**WHAT THE TASK REQUIRES**
Copy out exactly, from the entries that follow, the line holding "Giovane Holding Hands, Mostra", the line holding "Sacla Pasta Cheese Sauce 190g", and all lines between them, but no pictures.

*** EXCERPTED RECORDS Section Begins ***

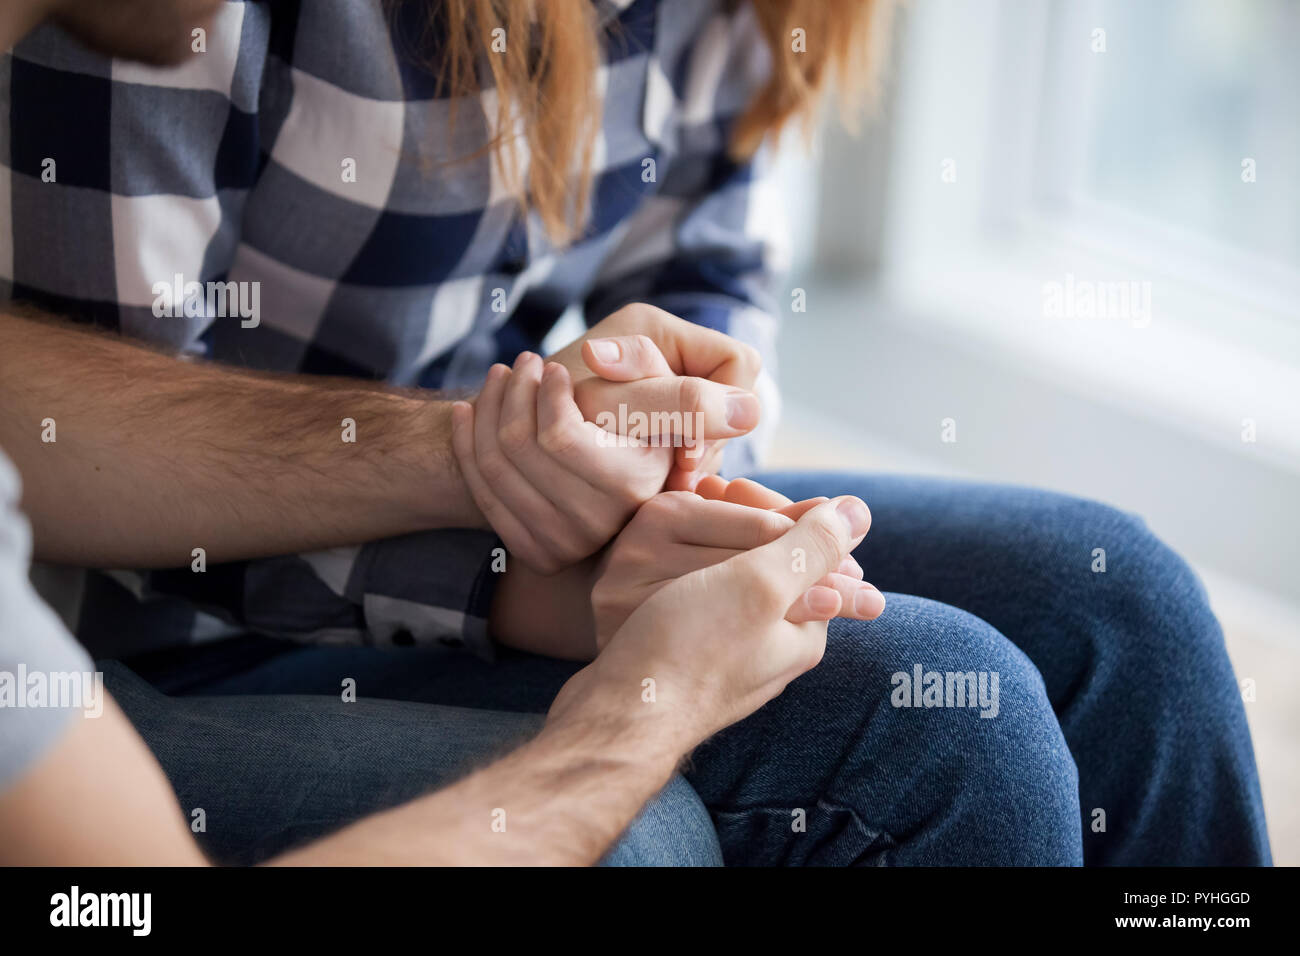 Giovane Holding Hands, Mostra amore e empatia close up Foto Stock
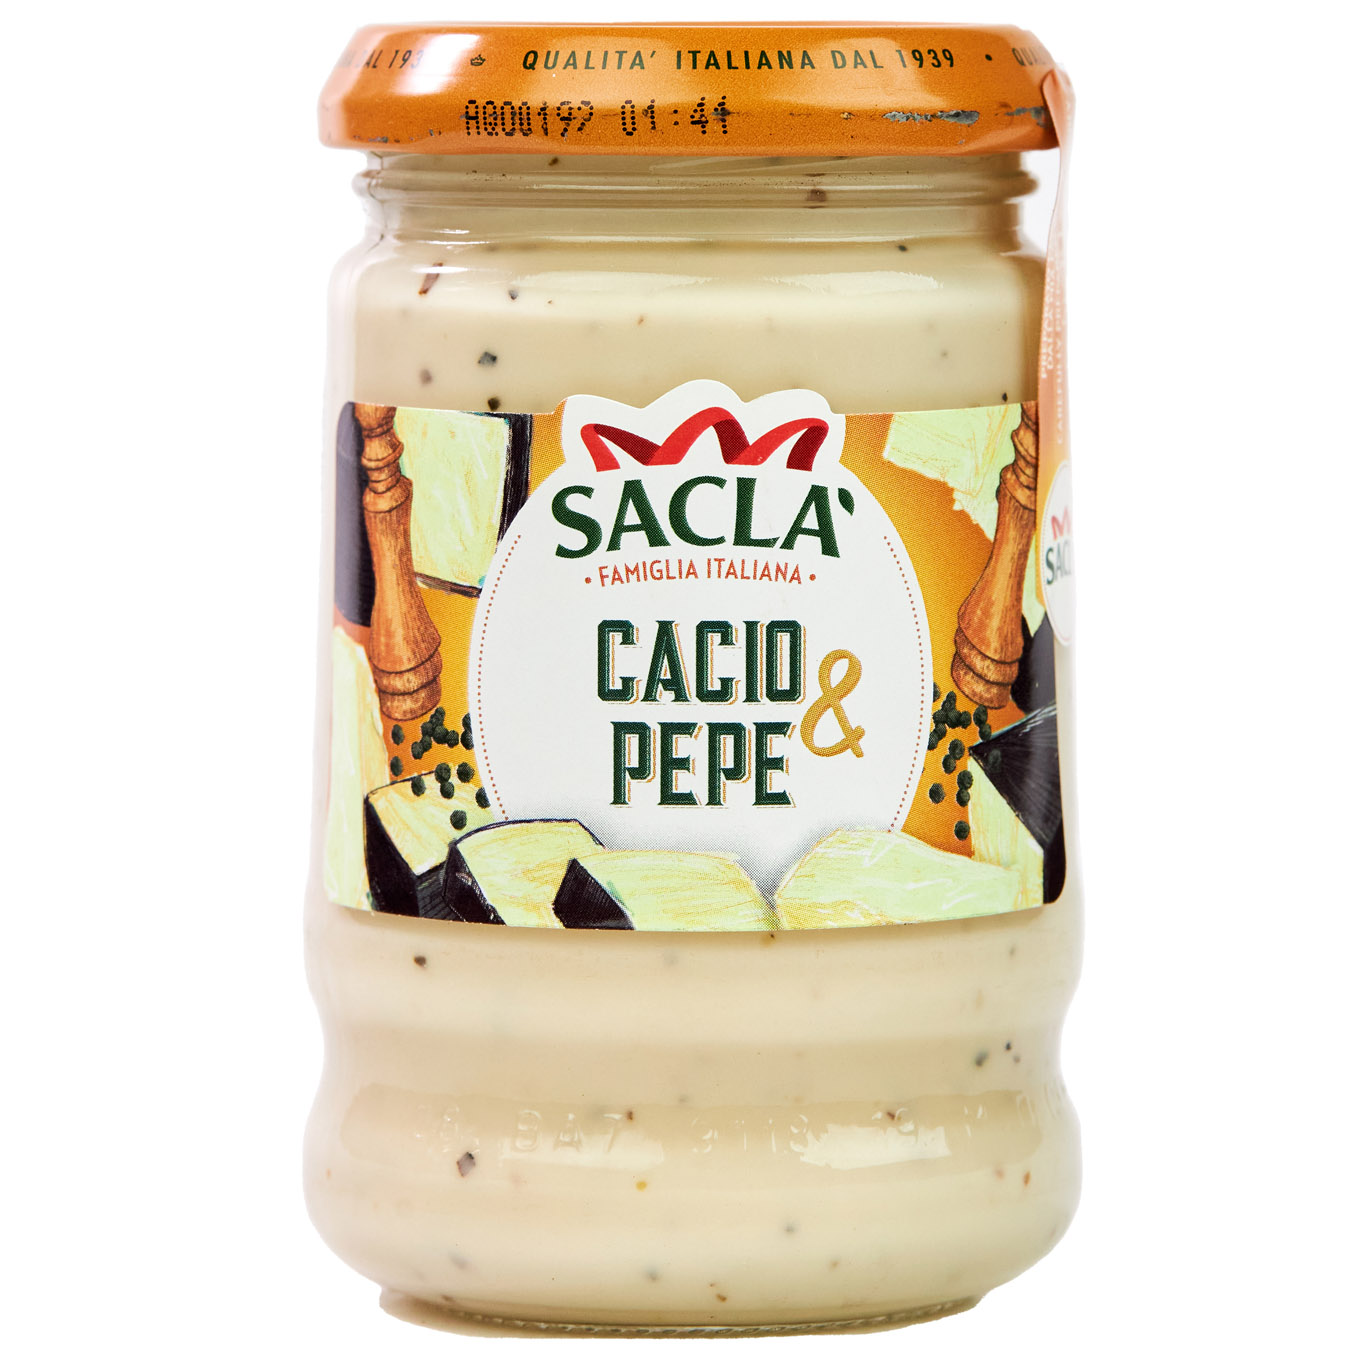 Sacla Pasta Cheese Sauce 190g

*** EXCERPTED RECORDS Section Ends ***
*** EXCERPTED RECORDS Section Begins ***

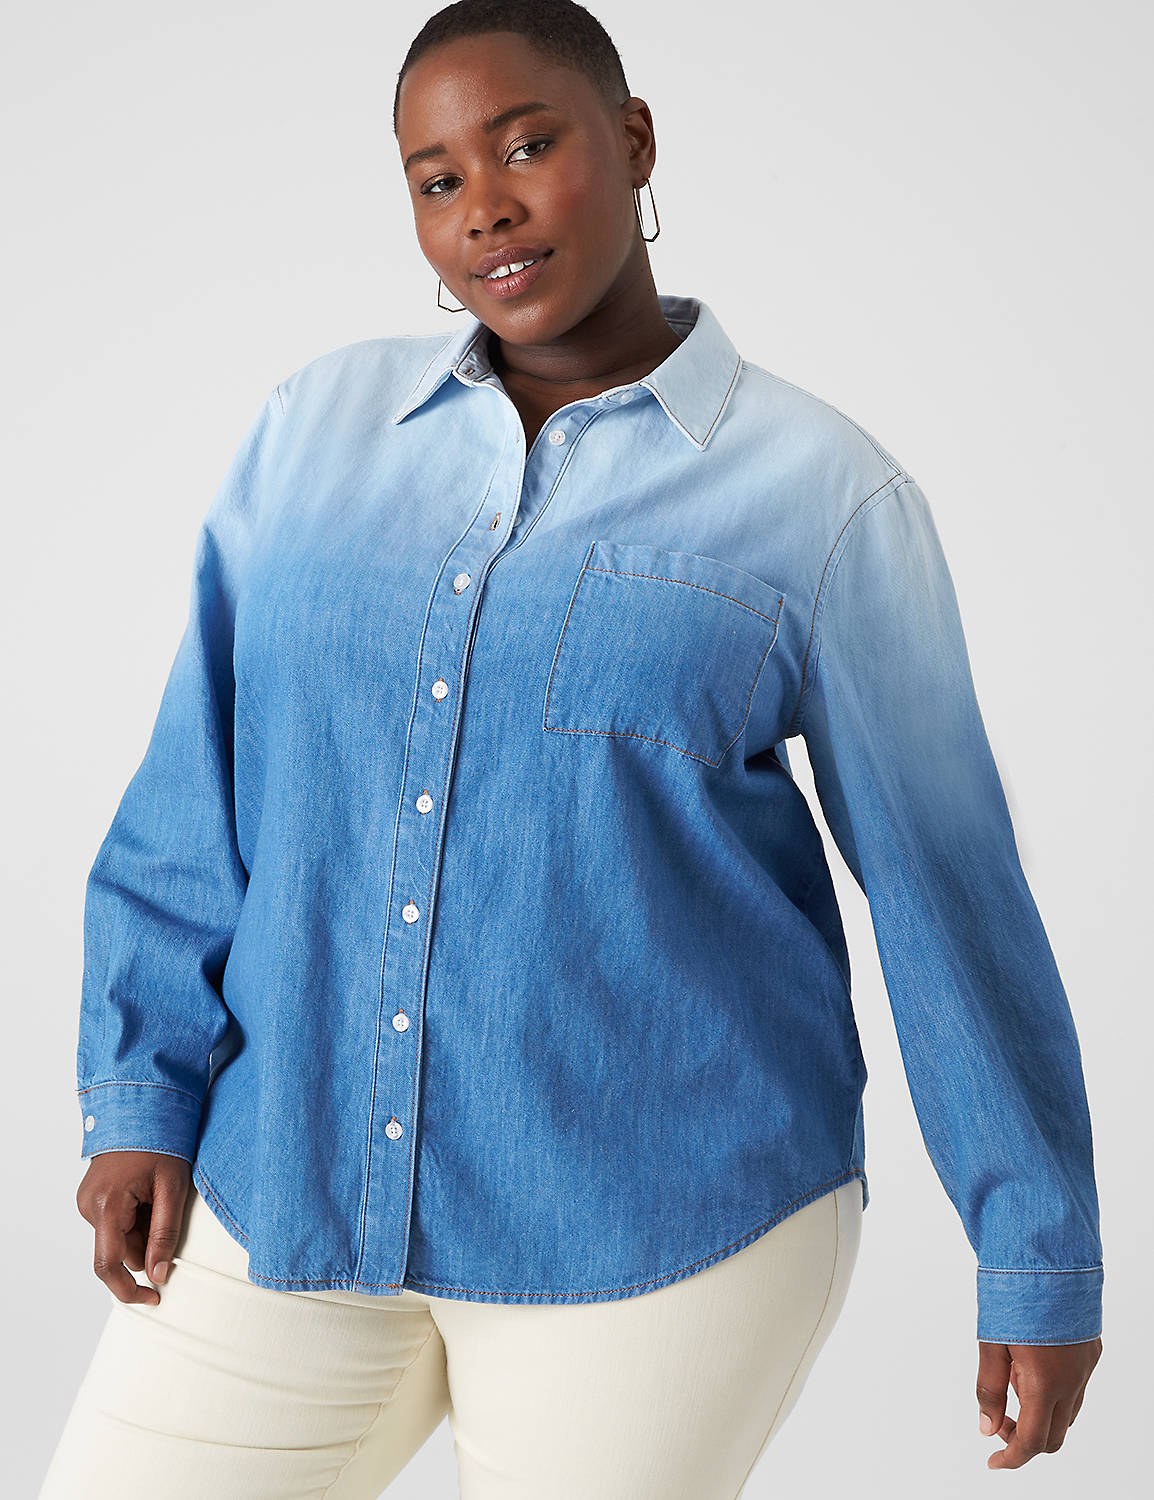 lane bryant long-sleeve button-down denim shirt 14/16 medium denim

*** EXCERPTED RECORDS Section Ends ***

**OUTPUT FOR THIS EXERCISE**
 Giovane Holding Hands, Mostra amore e empatia close up Foto Stock
 Sacla Pasta Cheese Sauce 190g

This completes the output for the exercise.